Kolkata an Essential Place for Building Pan Asian Connectivity

The Building Pan-Asian Connectivity Conference is being hosted by the U.S. Consulate General-Kolkata, the Center on American and Global Security at Indiana University, and the Observer Research Foundation.  A two-day event in Kolkata on March 10th-11th, the conference brings together business, academic, government, and civilian experts from the United States, India, and Southeast Asia to examine the opportunities and challenges as India and its neighbors take on greater roles in the region.

The U.S. Ambassador to India, Richard Verma, will address a Special Session on March 11th focusing on regional connectivity; viewing it as a place where the United States and India’s strategic and economic interests converge.  In his keynote address at the Inaugural Session on March 10th, Neil Kromash, Senior Advisor, U.S. Department of State, Bureau of South & Central Asia noted, “Promoting pan-Asian connectivity is an issue that has, and will continue to have a strong and enduring U.S. commitment, and where we see great opportunities for cooperation with the countries of the region.”  According to Dr. Sumit Ganguly, Director, Center on American and Global Security, Indiana University, “Kolkata, the financial hub of eastern India and known as the country’s intellectual and cultural capital, is a germane location for the event as a gateway to India’s eastern neighbors and an essential place of connectivity in the region.”
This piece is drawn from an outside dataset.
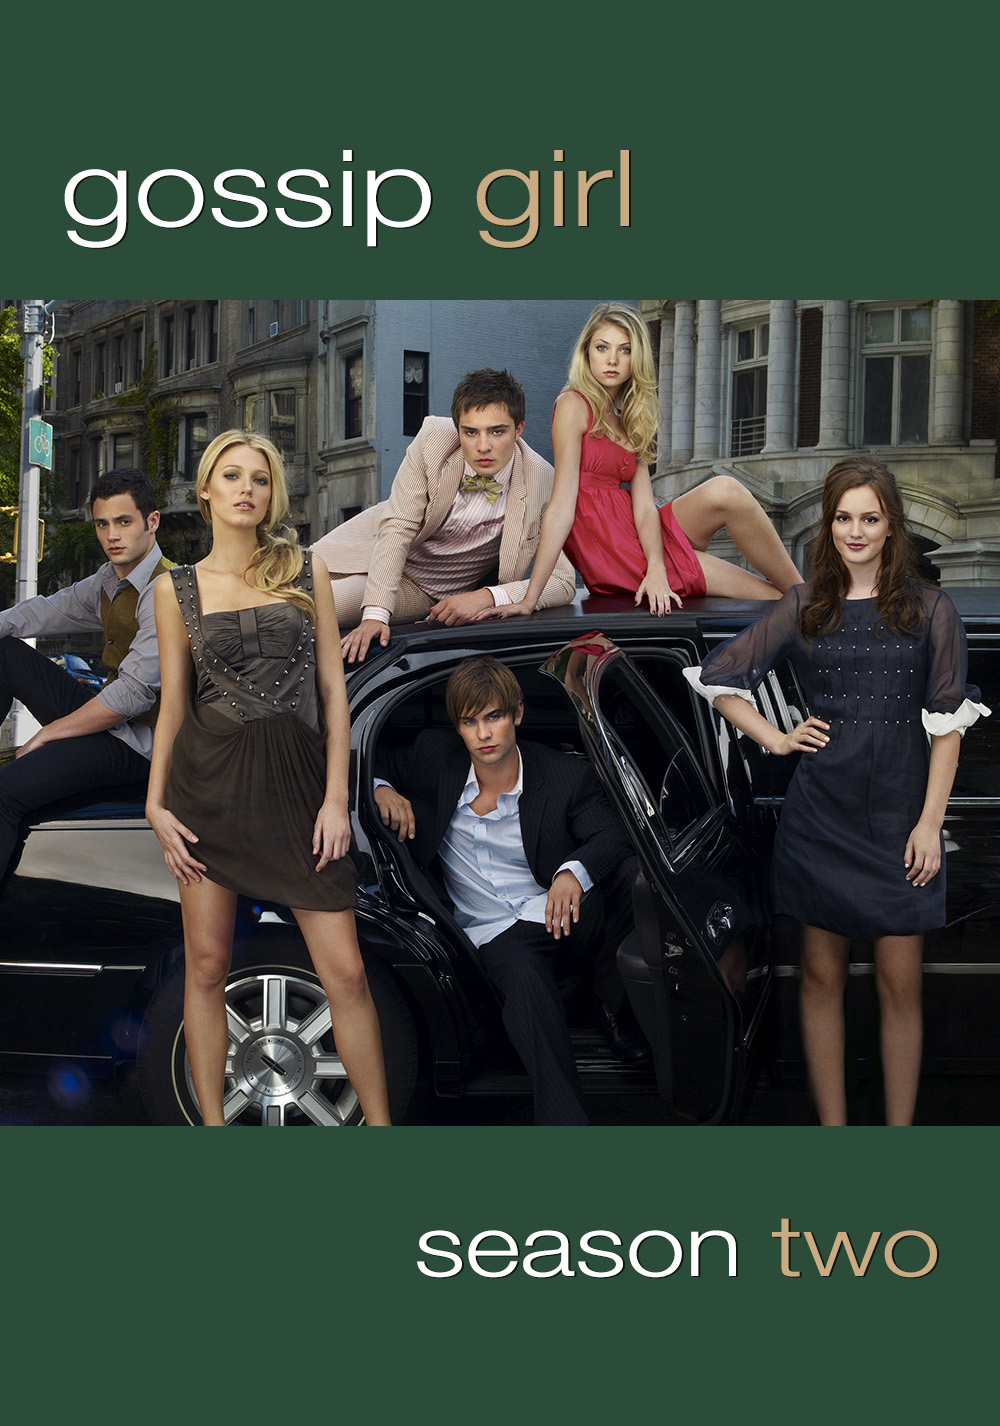 Gossip Girl - Season 1 f2movies | Watch online Gossip Girl ...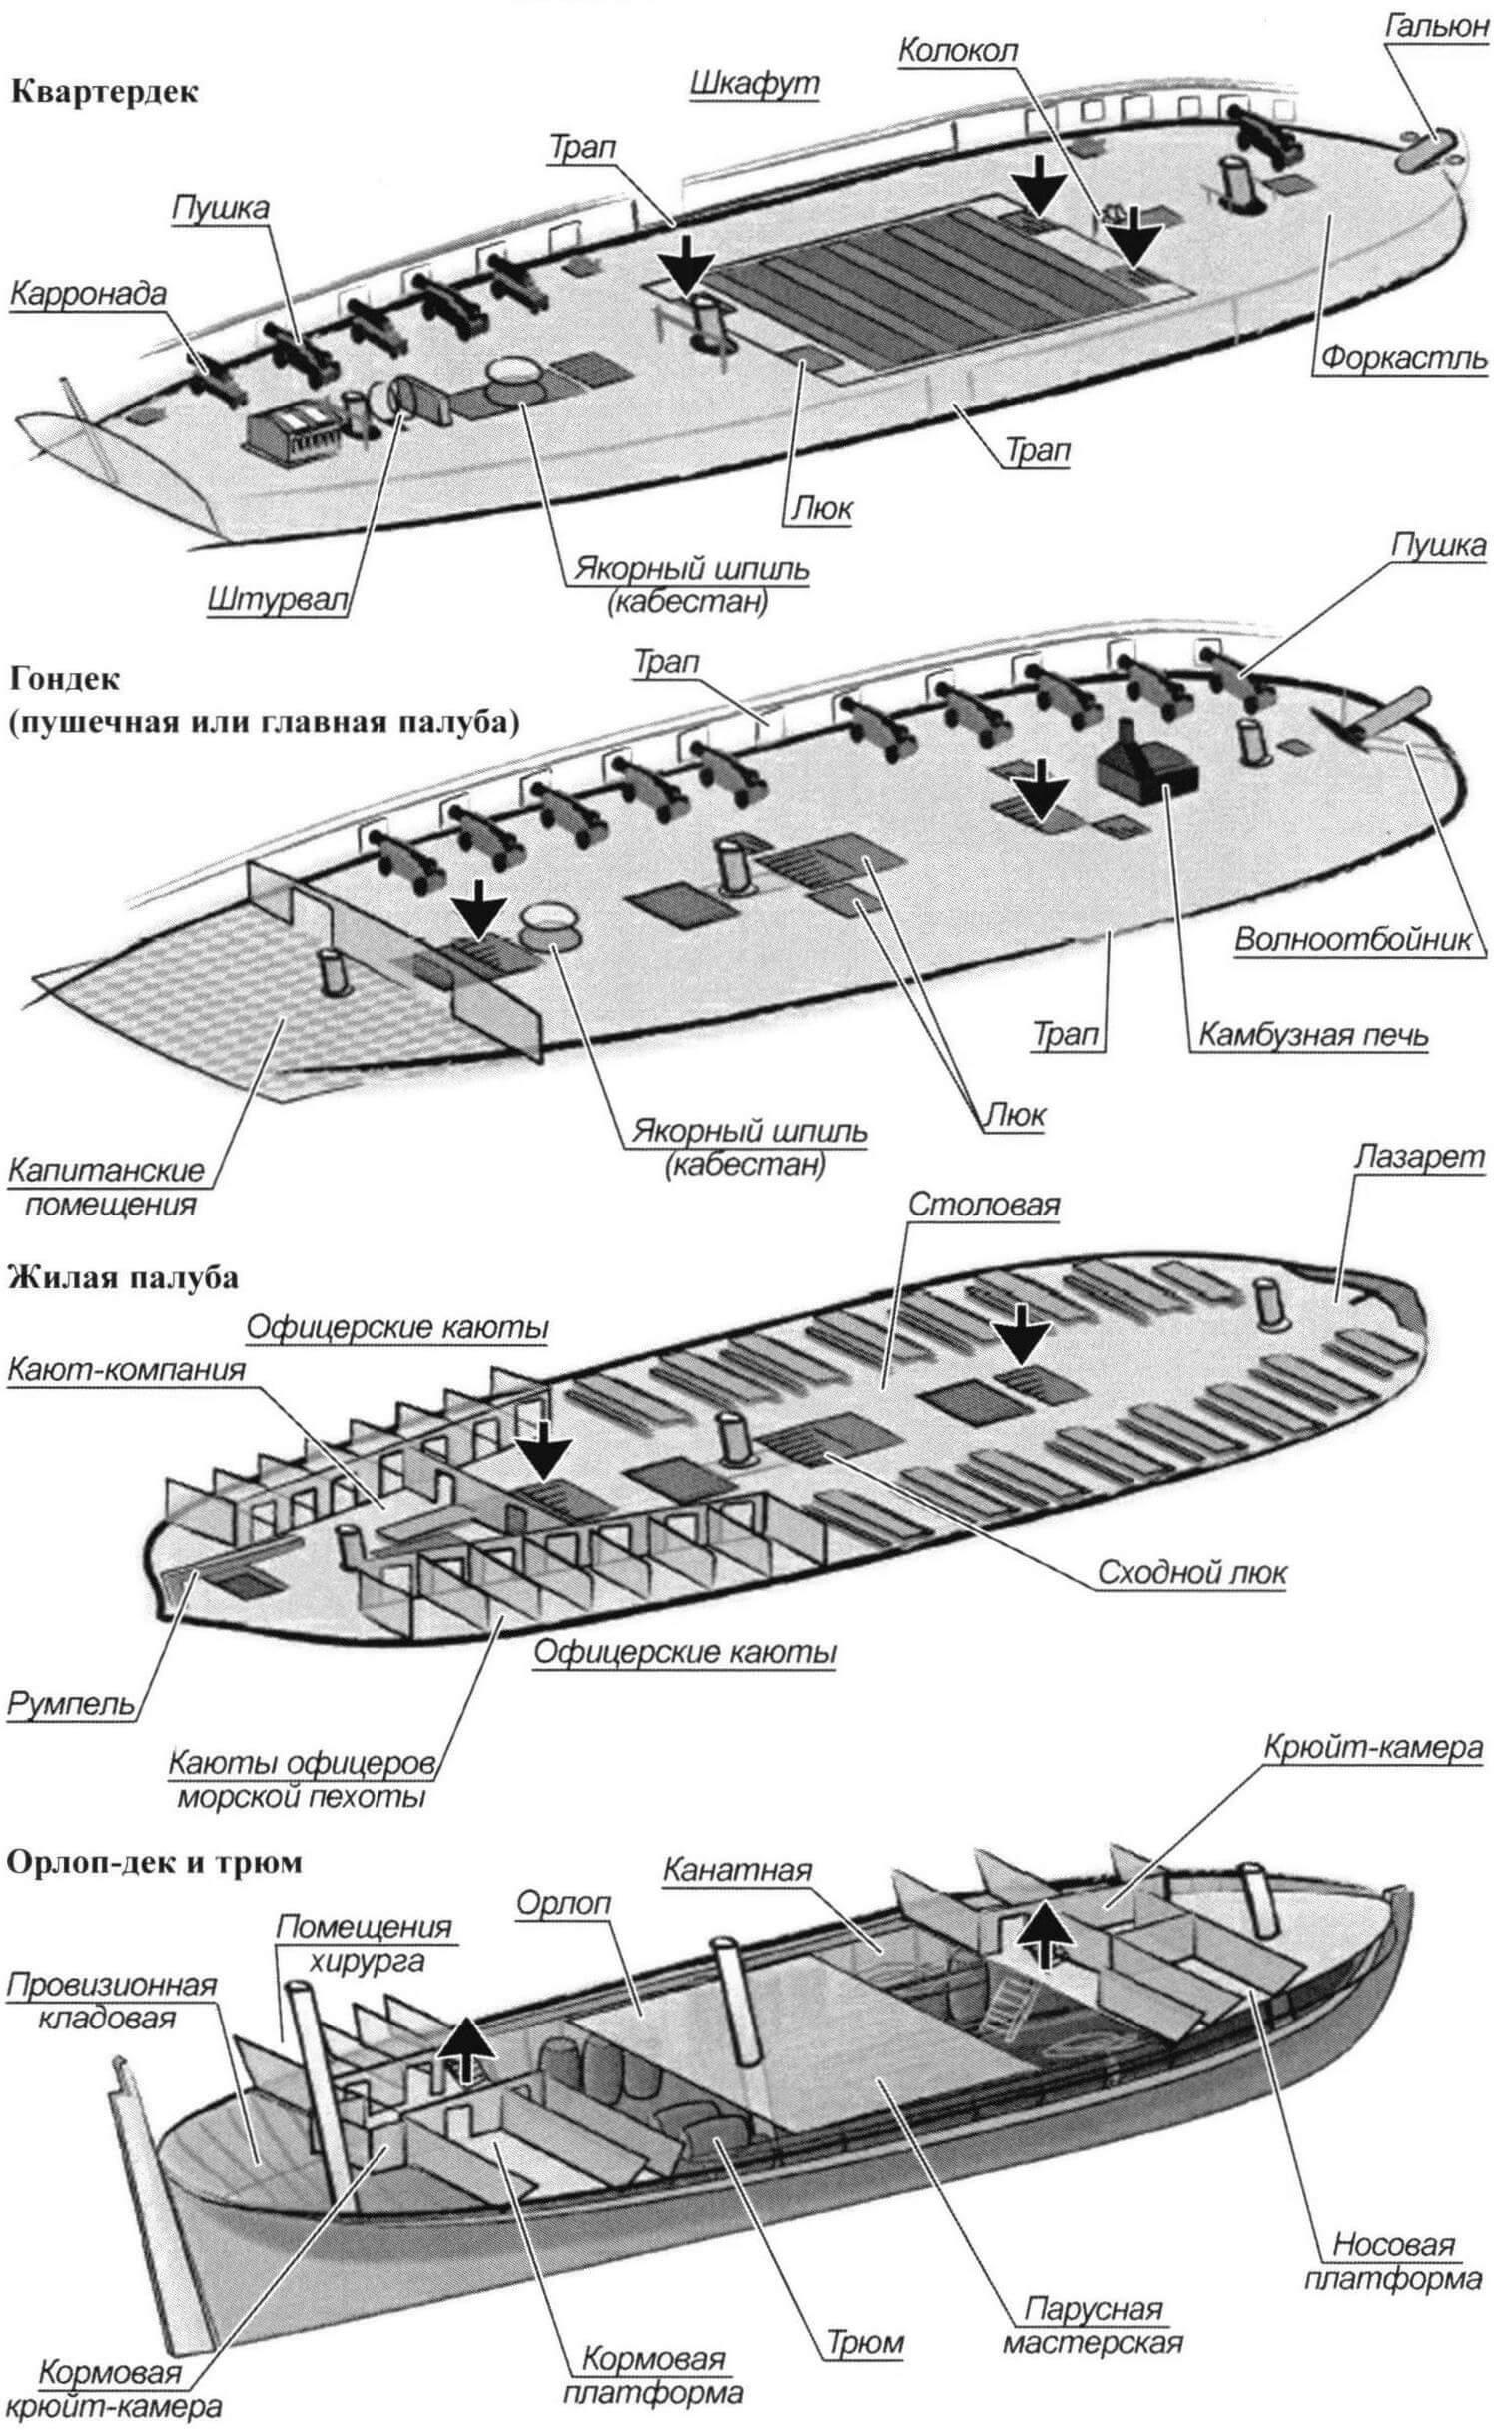 Палубы и трюм фрегата «Тринкомали»

The purpose of the Building Pan-Asian Connectivity Conference is to highlight the most recent scholarship on South Asia’s ties to Southeast Asia and East Asia, thus identifying trans-regional issues in the domains of security, counter-terrorism, trade, and environmental affairs.  The security session will explore a range of security issues that impinge on India’s northeast especially as they pertain to the adjacent states such as Myanmar, Bangladesh and beyond. Scholars on this panel will deal with questions of regional insurgencies, human and drug trafficking, transnational terrorism and related matters.  The next session will deal with a range of trade related issues including questions of tariff and non-tariff barriers, regional connectivity that either facilitates or hobbles trade and the prospects of boosting regional trade links.  The environment session will deal with a plethora of issues that transcend India’s national boundaries and percolate into significant parts of Southeast Asia. These involve the sharing of river waters, environmental degradation, demographic shifts and invariably the effects of global climate change.

The Building Pan Asian Connectivity Conference is generously supported by the U.S. Department of State.  It wasinitiated by U.S. Consulate General Kolkata with Public Affairs funding as part of the U.S. Mission in India’s strategic policy conference series, which started with the Maritime Security Conference in Chennai in June 2014 and includes the U.S.-India Relations Conference later this month in New Delhi.